Nice purchase Corey. I look forward to hearing about the results.


----------



## El Gato Loco (Jan 15, 2010)

Welcome to the R-15 club man. Now you're REALLY going to make the rest of us look bad. lol


----------



## hassell (Feb 9, 2010)

_Nice looking gun, to bad Savage didn't make that style. HA!!!_


----------



## bones44 (Jan 7, 2011)

Welcome to the dark side Corey ! I love mine. Is it a .223 ? Either way it's one heck of a fun gun. The best part is you let someone else take the hit on the price.LOL Congrats and enjoy.


----------



## Predatorhunter (Dec 9, 2010)

Good looking gun! I just bought one last month and I love it. It sure is a blast to shoot. Congrats on the new gun.


----------



## bones44 (Jan 7, 2011)

This is for all the nay-sayers about the crappy R-15 trigger and Nikon Coyote Special scopes.
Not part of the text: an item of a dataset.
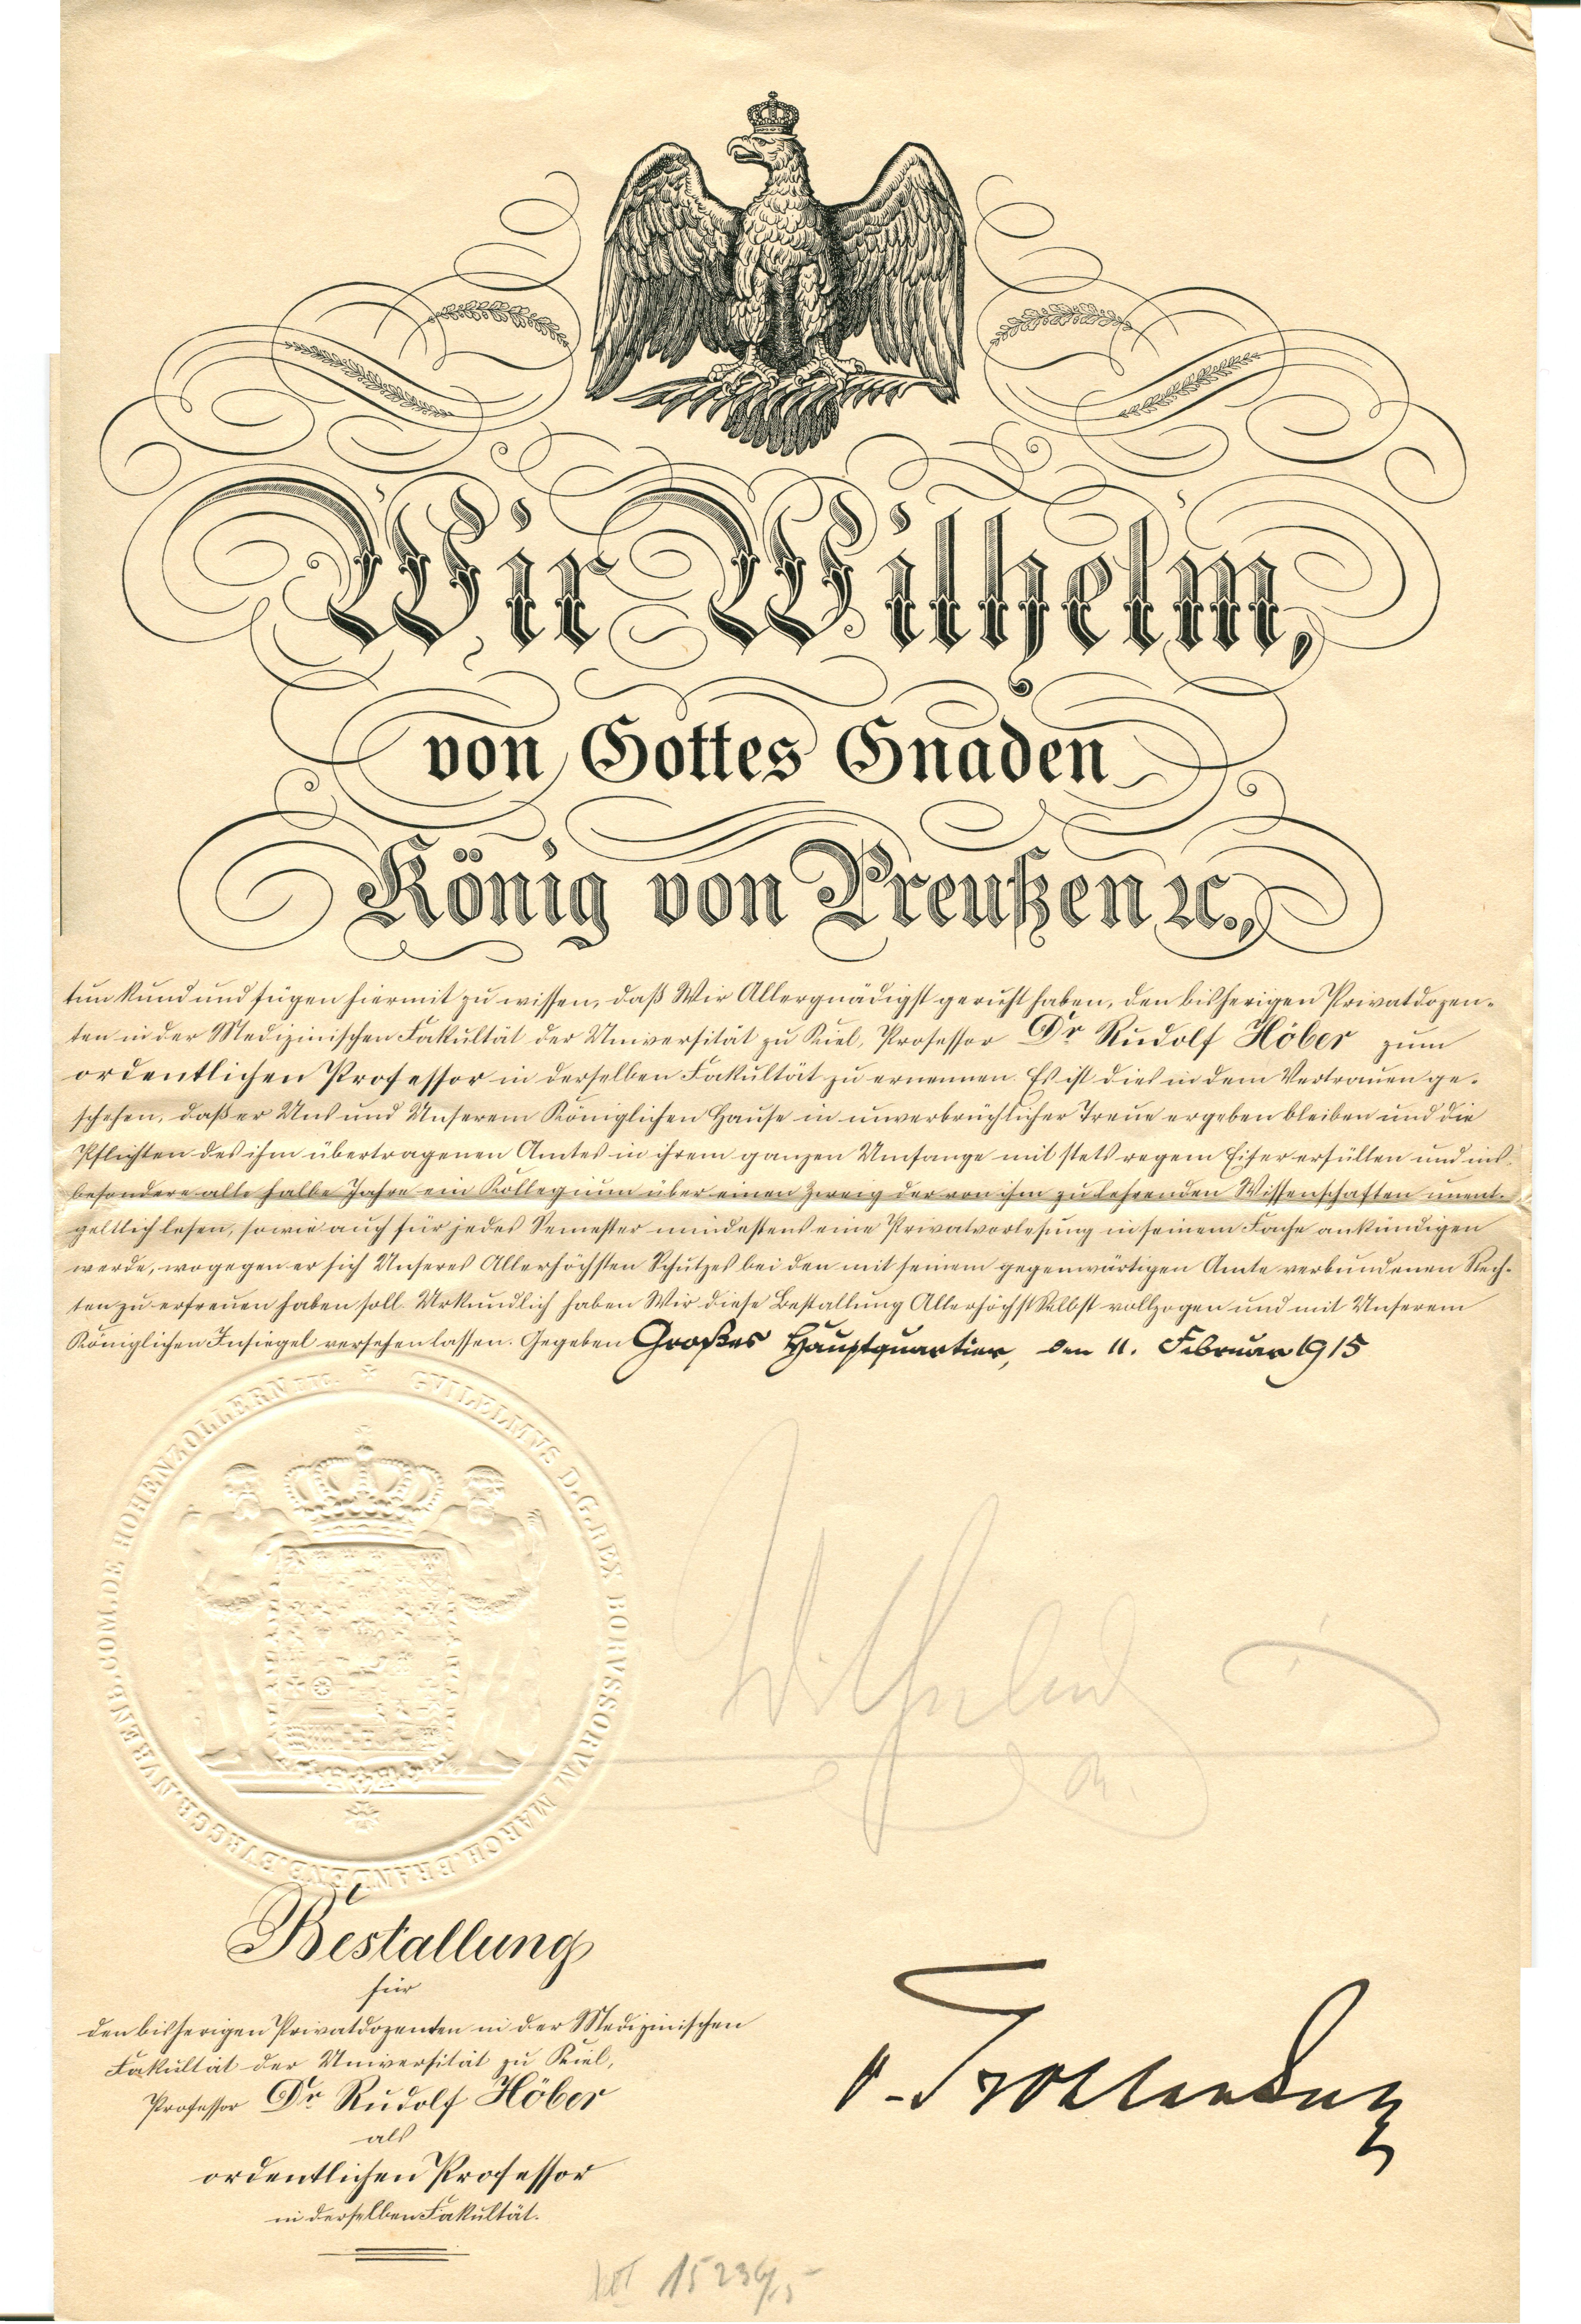 We wilhelm by gods grace king of prussia hoeber rudolf 1betcityfo Gallery

This was from 3 weeks ago sighting in at 100 yards with Hornady 55gr. Vmax. off of a wooden table resting on a sandbag. 7MPH crosswind. The last 3 shots were high for 200 yards. I call this good for killing varmints. Enjoy Corey !!


----------



## showmeyote (Dec 12, 2010)

hassell said:


> _Nice looking gun, to bad Savage didn't make that style. HA!!!_


Oh no Rick, NO no.... No.......... Geez no....................


----------



## showmeyote (Dec 12, 2010)

Does this mean I might make it to a real predator hunter someday now?


----------



## bones44 (Jan 7, 2011)

Maybe....LMAO.


----------



## Bigdrowdy1 (Jan 29, 2010)

*Congrats showmeyote your gonna love it. I have the rifle in 223cal 18in barrel with 6 position stock got it tuned to half in groups @ 100yd. Light and easy to pack( this helps when walking all day and seeing nothing). Good luck and let us know how she shoots for ya!!*


----------



## Mitch_RAGE (Dec 13, 2011)

Congrats Showme. That is one purty rig ya got here. Got word from the BOSS that, I get a new toy this year for taxes. Seems she likes the furniture still. Yeah Me!!!!!!! Well we shall see when the check hits the bank on wether she still likes the furniture or not. LOL...........Happy hunting bro. now go kill some yotes.


----------



## hassell (Feb 9, 2010)

showmeyote said:


> Oh no Rick, NO no.... No.......... Geez no....................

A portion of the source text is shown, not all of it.